The Seat May be Hard and Wooden, but the View from a Child’s Chair is Amazing

The Seat May be Hard and Wooden, but the View from a Child’s Chair is Amazing

This past week, about 25 children came to Vacation Bible School. Four churches, whose children’s programs are struggling and whose numbers are few, came together to try and teach and show and share the love of Christ.

To give more details: twenty-five loud, happy, whiny, excited children, sang lovely songs, made beautiful crafts (can you remember the VBS leather craft smell?), and heard several passages from the Bible that spoke about giving to and caring for one’s neighbors.

We found that one answer of “Who is our neighbor?” included people we will never meet or see and who might live thousands of miles away. And so, we collected enough quarters to buy two goats and a flock of chickens for the Heifer Project, about $260.

Another answer to the question included those people who we might not know but who we might see in our city. So, we put together Manna bags—gallon-sized plastic bags filled with food items, a water bottle, bandages, napkins, and a spoon. Each of the children took two bags so that they could personally give them to hungry people. They also made cross necklaces and either wrote a note or drew a picture to include in the bags, along with the other items.
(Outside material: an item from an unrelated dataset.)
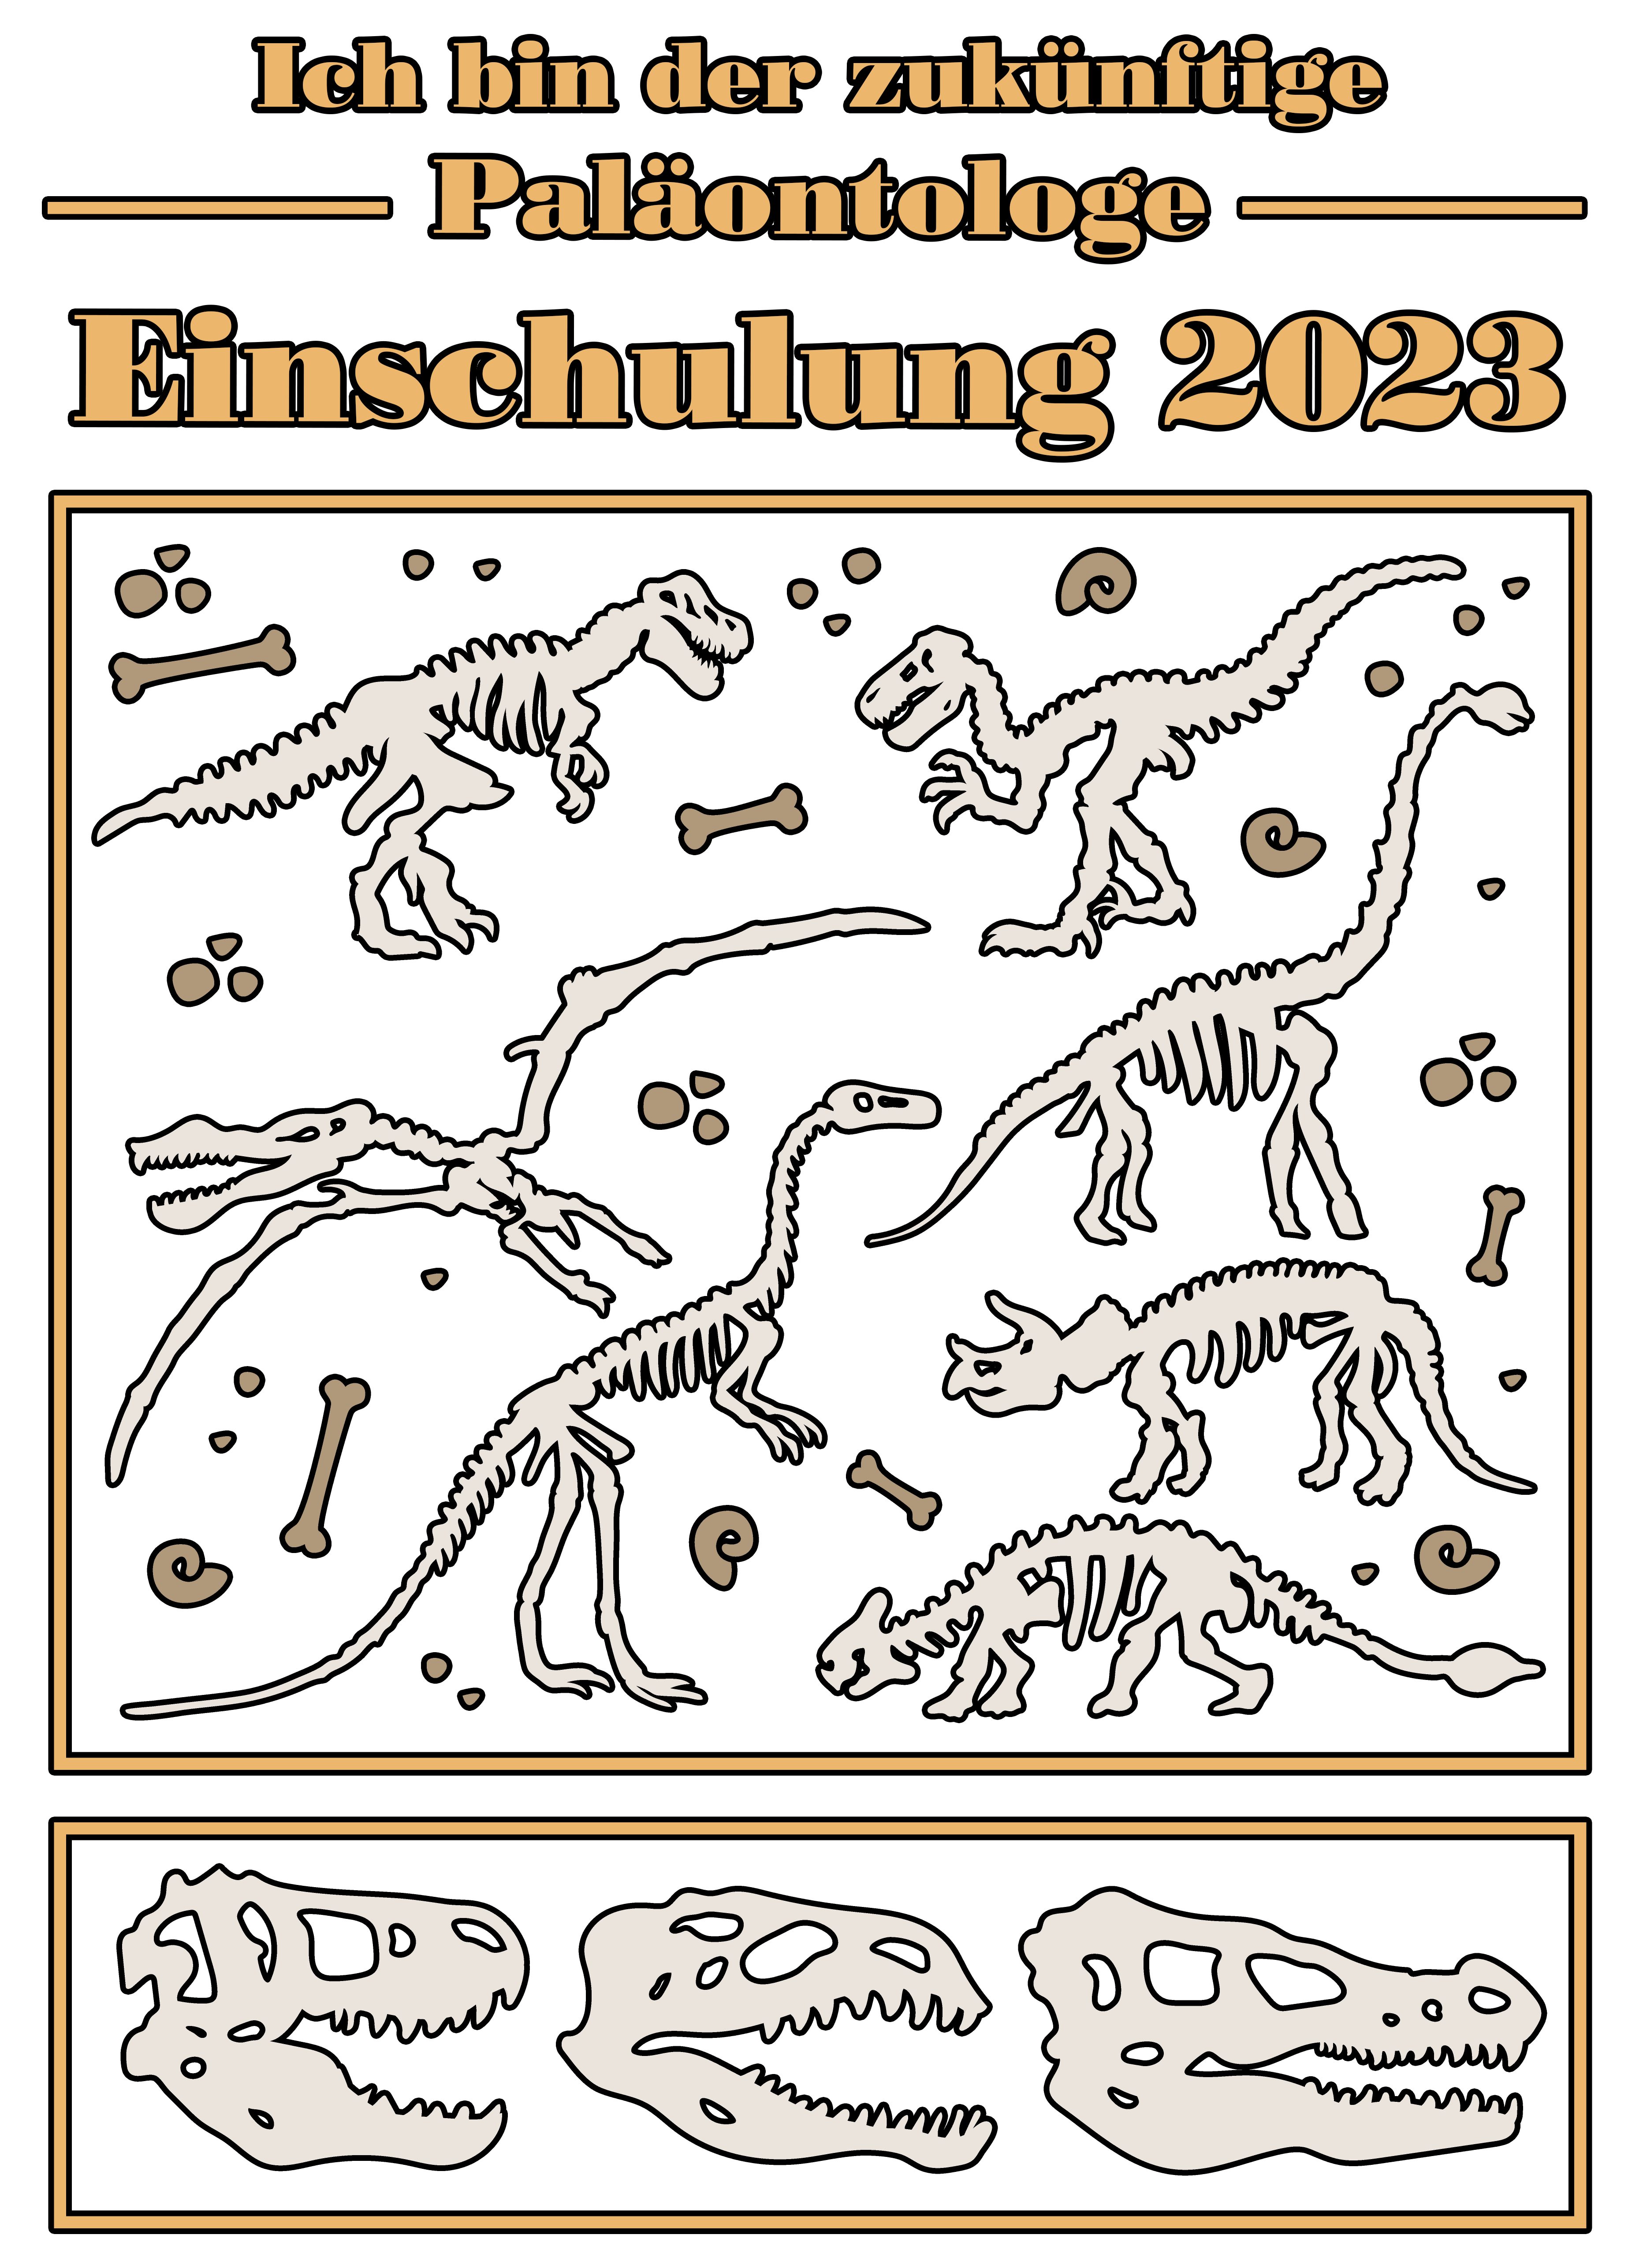 Einschulung Skeletten schwarz, blau, 2023, MyDesign24 blau bedrucktes Baumwollshirt i36 weiß, Dino Print-Shirt rot, zukünftige mit navy T-Shirt Paläontologe Kinder

On his note-card, one child lovingly wrote, “God loves you. Have a happy heart.”

The kids sang these words during music time:

Jesus’ hands were kind hands,
doing good for all,
healing pain and sickness,
blessing children small,
washing tired feet,
and saving those who fall;
Jesus’ hands were kind hands,
doing good to all.

Take my hands, Lord Jesus,
let them work for you;
make them strong and gentle,
kind in all I do.
Let me watch you, Jesus,
till I’m gentle too,
till my hands are kind hands,
quick to work for you.

They ate kid-snacks. The adults secretly ate a few goldfish and fruit snacks. Some children were hungry and so they ate and then built cheese cracker towers with their leftovers. Some children were HUNGRY and so they ate and then they ate some more.

Three girls from my youth group gave piggy-back rides, wiped tears, picked up three million beads, crawled around on the floor with Vaseline and cotton balls on their noses, gave immediately-needed hugs, and sang along with the children, “Jesus’ hands were kind hands, doing good for all.”

Observations and Conclusions:

Monday through Friday, I woke up with bags under my eyes that no makeup could conceal.

Monday afternoon, I rejoiced in the success of the first VBS day. Our goal for the week was to buy just one goat, but we were well on our way the first day to being able to buy that one goat.

Monday evening, I went to sleep singing, “Get on board, little children, there’s room for plenty-a-more.”

Tuesday, the children wore their freshly-made, self-made, blue t-shirts, with a screen image of the Good Samaritan surrounded by the words, “Love Your Neighbor.”

Tuesday evening, as we watched the evening news, I covered my child’s eyes as footage from the crisis in Syria came onto the screen.

Wednesday morning, I skipped through the halls with my daughter at her preschool. We smiled and giggled the whole way.

Wednesday afternoon, I saw a man digging through a trash can, chewing something he’d already found.

Wednesday evening, I watched streaming media coverage of masses standing inside, outside, and upside-down at a fast-food establishment.

Thursday morning, I saw a picture on the internet that implied the rights of the second amendment included ownership of assault rifles.

Thursday afternoon, at the end of VBS day, I found one of the children sheepishly eating a cup of applesauce that previously resided in a Manna bag.

Thursday afternoon, I read an article about more masses gathering outside a fast-food establishment.

Friday morning, one child who said the word “hate” more than any 4-year-old should say the word, “crowned” his VBS teacher with a crown he made, declaring, “You’re my princess for the day.”

Friday, my child tipped over backward in a chair and busted her lip. Another child came up to us and said, “I heard her crying and hoped she wasn’t bleeding. Is she okay now?”

Friday afternoon, I sat on the floor of the chapel, my child in my lap, and we listened to 25 children and 3 youth sing, “Let me watch you Jesus, till I’m gentle too, till my hands are kind hands, quick to work for you.”